Norulle whirled around in surprise, a wand clutched in one hand.
"Master!" he gasped. "You're here!"
Diamond dust glittered in Norulle's hair and beard. Someone had cast a powerful protective spell upon him.
It was Prath who answered Gromph's question, "Leandran's gone. He was hit square on by magic fire."
He pointed at a spot farther along the balcony - a smoldering crater in the stone floor. Through a hole at the center of it, Gromph could see the ground below. Smaller craters, also still smoking, pit-ted the wall behind that spot like splash marks. Each was ringed by a circle of frost. The two students had obviously used a cold spell to extinguish the blaze. Of Leandran, the school's Master of Ab-jurative Magic, there was no trace, save for the lingering stench of burned flesh.
A whistling sound drew Gromph's attention. He glanced to the side just in time to see an enormous clay pot arc up toward Sorcere and strike the side of the stalagmite, several dozen paces away. It broke against the stone, splashing liquid fire in all directions. The fire poured down the stone, burning everything in its wake: stone walls, a decorative arch of wrought iron above the balcony, and the balcony itself.

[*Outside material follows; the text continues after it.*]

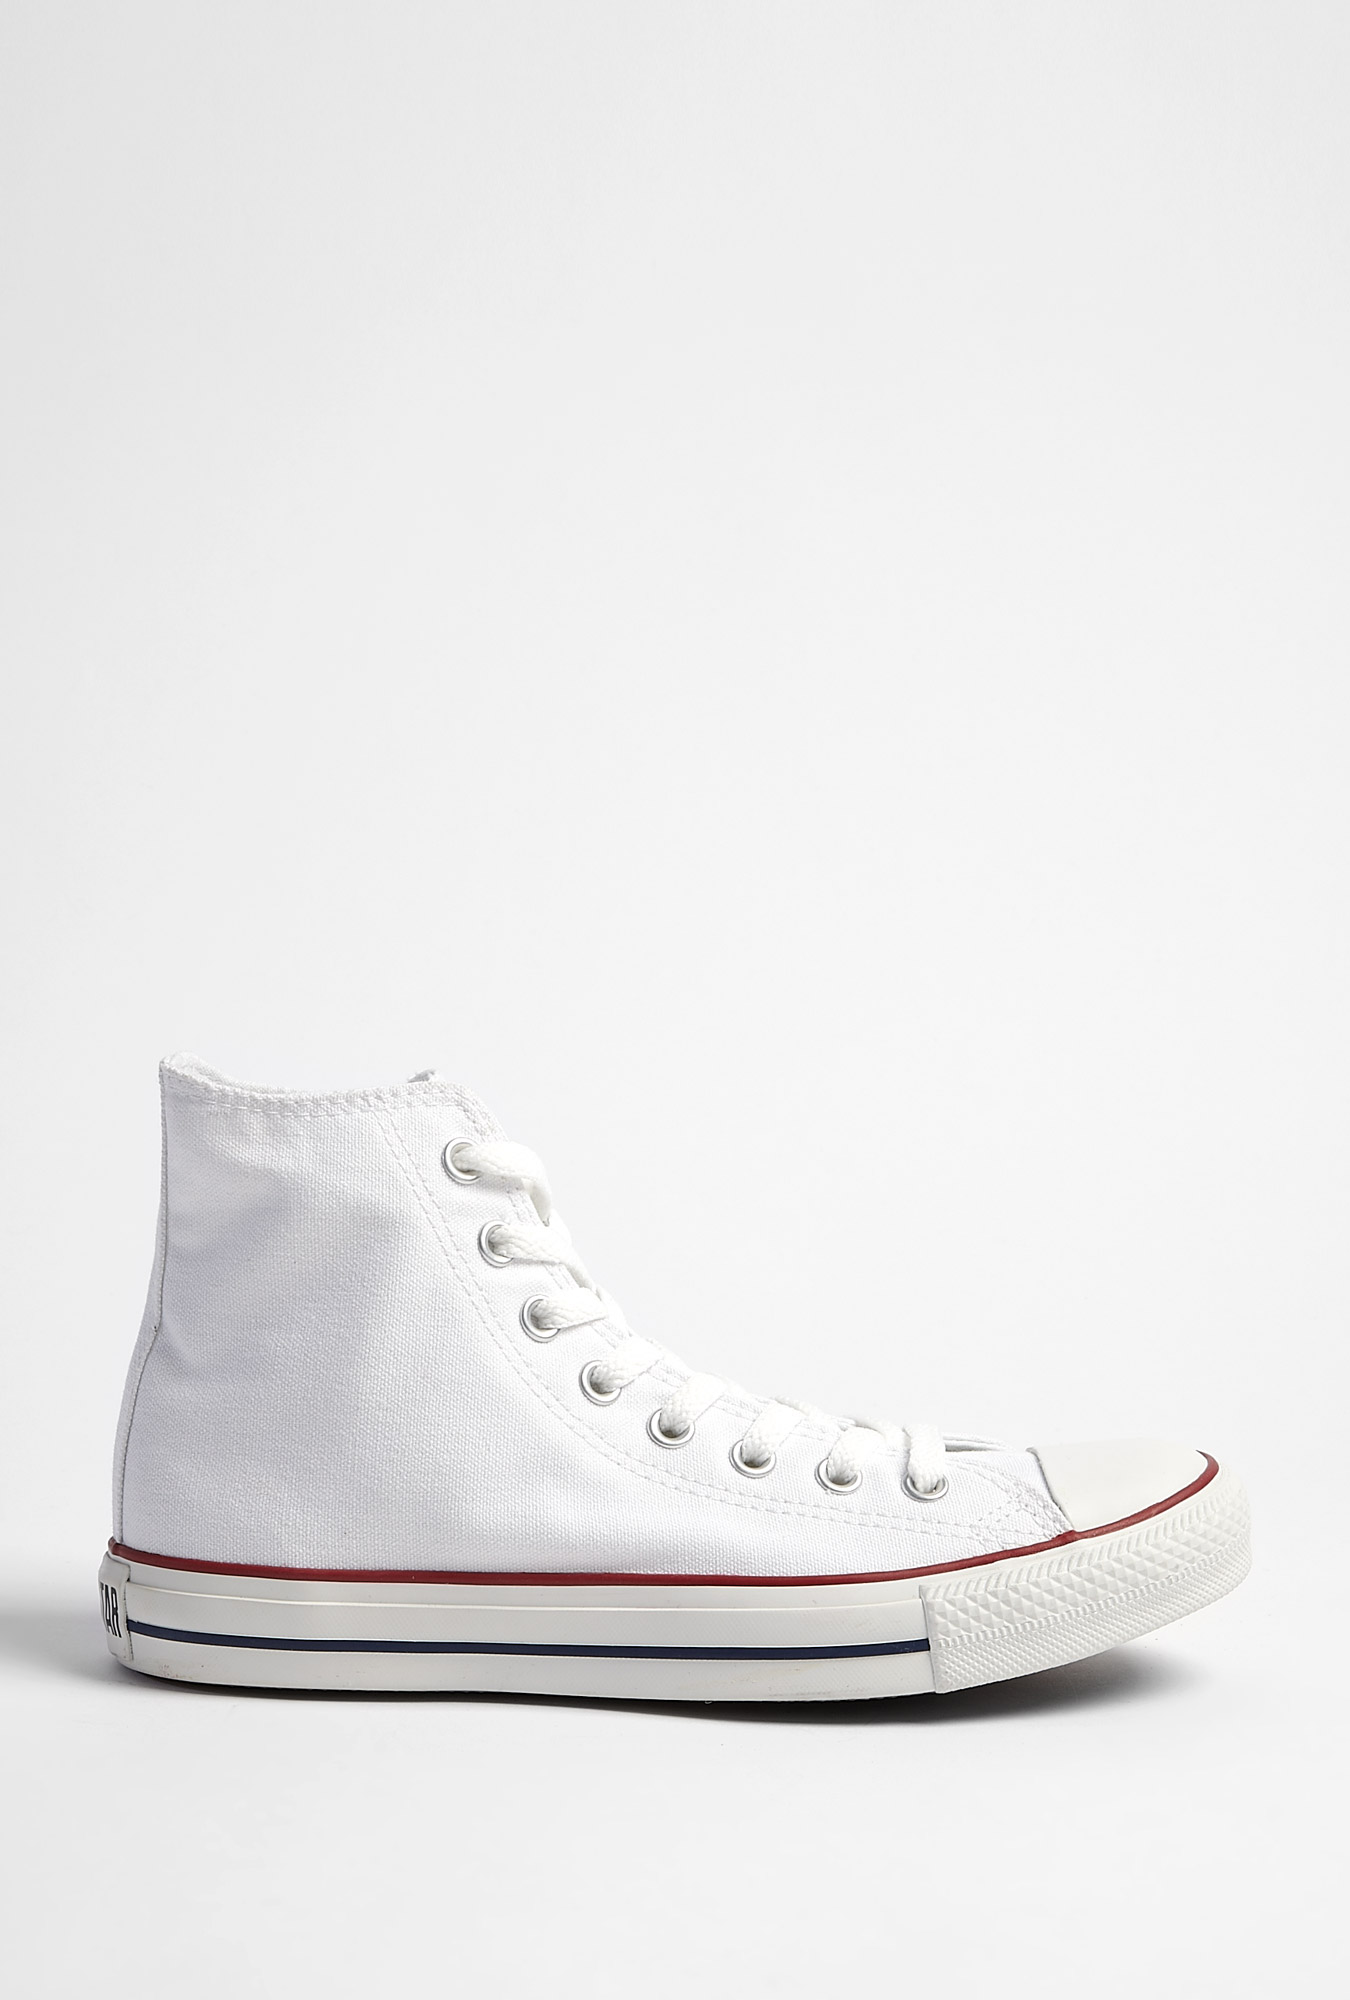 Converse White Classic Chuck Taylor High Top in White | Lyst

Figures on the balcony scurried away from the rush of flame - one of them a little too slowly. As some of the stuff poured down onto hispiwafwi, his agonized screams filled the air. They were cut off a moment later when the wrought-iron arch, weakened by the fire, collapsed with a loud squeal of metal. Above the spot where it had been mounted, the wall continued to burn, and the flames soon ate a hole through the stone.
Gromph stared in the direction from which the pot of fire had come, at the protective barrier the duergar had erected. It stood just in front of the tunnel that gave access to Tier Breche from the Dark Dominion. The barrier appeared to be made of square-hewn lengths of fungus stem, stacked horizontally on top of each other, but had obviously been magically strengthened. The lightning bolts that one of the mages on a balcony above fired down into them did little more than chip off tiny pieces of the fungus, and the hail-stones raining down from the ice storm another mage had caused to materialize in the air just above the barrier were melting before they struck it.
Yet another mage of Sorcere sent a cloud of acid billowing down at the barrier. The yellowish vapor swept over the fungus-log blockade and continued on down the tunnel beyond it. The barrier remained intact, however, and clay pots continued to sail into the air from the catapults behind it, whistling through the air to blast the walls of Sorcere with alchemical flame.
It didn't look as though Arach-Tinilith was faring any better than Sorcere. The walls of the spider-shaped temple were also dotted with gouts of white-hot flame, and the ground in front of the building was strewn with corpses. Many were squat and bald - duergar - but many more were drow. Dark elf soldiers had given their lives in defense of the cavern. Of the priestesses, there was no sign. Like their goddess, they had retreated behind walls of stone, leaving others to do the fighting.
Farther back in the cavern, the third building of the Academy - the pyramid-shaped warrior training school Melee-Magthere - remained unscathed. The catapults could not reach that far, it seemed.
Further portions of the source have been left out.